There is a feeling of exasperation in Washington at the Saudi snub.
“I just don’t know what the point of the current alliance is, if we have to work so hard to get the Saudi’s to do the right thing,” said Senator Chris Murphy.
Congressman Ro Khanna believes the US should cut off arms sales to the desert kingdom.
“We give Saudi Arabia 70% of their weapons,” he said on Twitter. “For them to drive up energy prices for the American people is outrageous. It’s simple. If the Saudi-led OPEC+ doesn’t reverse their decision, the US should stop sending them weapons”.
Such a move could bring relief to war-ravaged Yemen which has been bombed by a Saudi-led coalition since 2015 with planes using weapons from US arms deals worth $64.1 billion.
There is also a mood to pass legislation in Washington that could open up OPEC+ members to antitrust lawsuits.
The No Oil Producing and Exporting Cartels (NOPEC) bill, if passed, would give the US attorney general the option to sue the oil cartel or its members, such as Saudi Arabia, in the federal court. How taking legal action against a foreign state works in practice remains to be seen but it is an indication of the strength of feeling against Riyadh which is building.
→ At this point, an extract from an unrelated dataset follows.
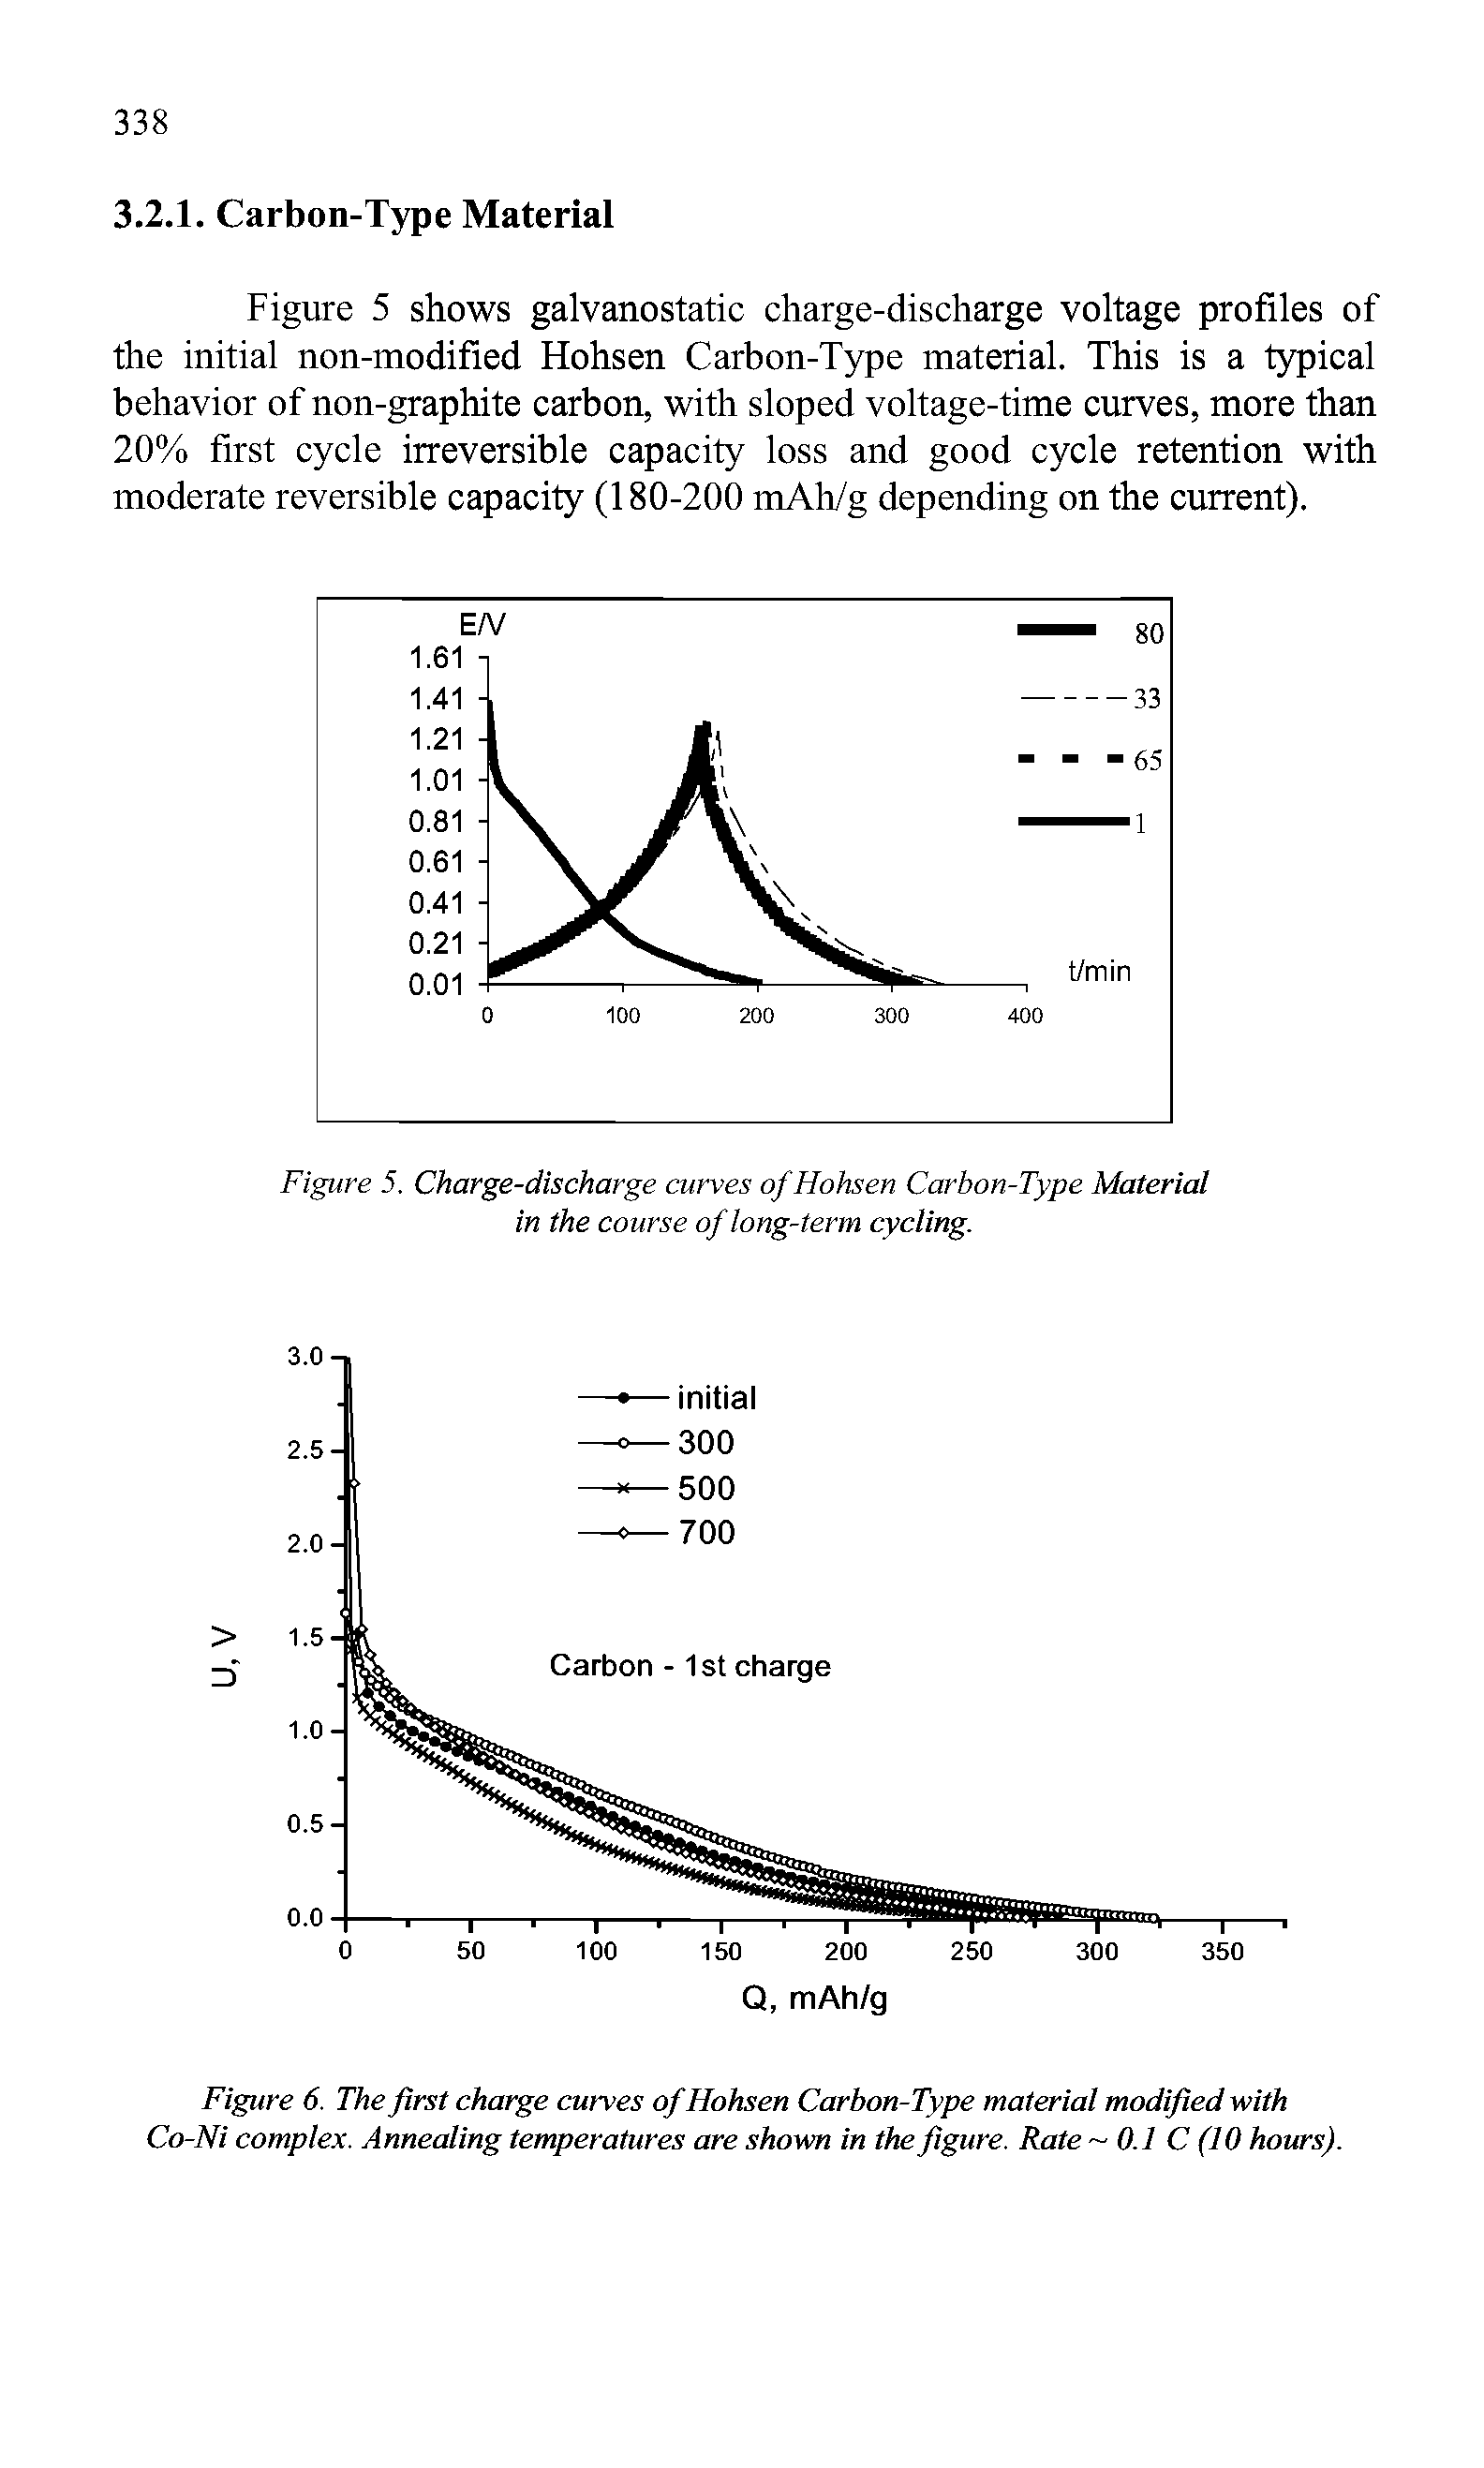 Figure 6. The first charge curves of Hohsen Carbon-Type material modified with Co-Ni complex. Annealing temperatures are shown in the figure. Rate 0.1 C (10 hours).

“For years we have looked the other way as Saudi Arabia has chopped up journalists, has engaged in massive political repression, for one reason,” continued Sen. Murphy. “We wanted to know that when the chips were down, when there was a global crisis, that the Saudis would choose us instead of Russia. Well, they didn’t. They chose Russia”.
MBS must crave the halcyon days of President Trump when the White House turned a blind eye to the Saudi murder of The Washington Post journalist Jamal Khashoggi in order to safeguard the arms deals and protect jobs at home.
There is no love lost between the crown prince and Biden, who called Saudi Arabia a “pariah” on the campaign trail. Now that MBS has given Biden cause - by pursuing a policy detrimental to the American economy - it’s going to be fascinating watching how this unravels.
Secretary of State Antony Blinken would only say the US is “reviewing a number of responses” and the White House was “consulting closely with Congress”, implying there might be some action on the NOPEC front.
Meanwhile, the Saudis and their friends are complaining about the “hysterical” reaction by the US, insisting that the actions of OPEC+ were intended to encourage long-term investment in oil production.
The question for them remains, however, whether siding with Russia in the name of protective oil market management is acceptable when the Kremlin has invaded its neighbour and is threatening nuclear war if it doesn’t get its way.
I know what Alla Yermachenko would say after hearing her parents had been in one the buildings destroyed in Zaporizhzhia during this week’s missile attacks.
“There’s very little hope that they’re alive,” she said. “Why are they doing this to us? What are they trying to prove? Killing old people. Why? For what? May our tears drop not on the ground but on the chest of those who launched that missile”.
And those who give them succour.
Anthony Harwood is a former foreign editor of the Daily Mail.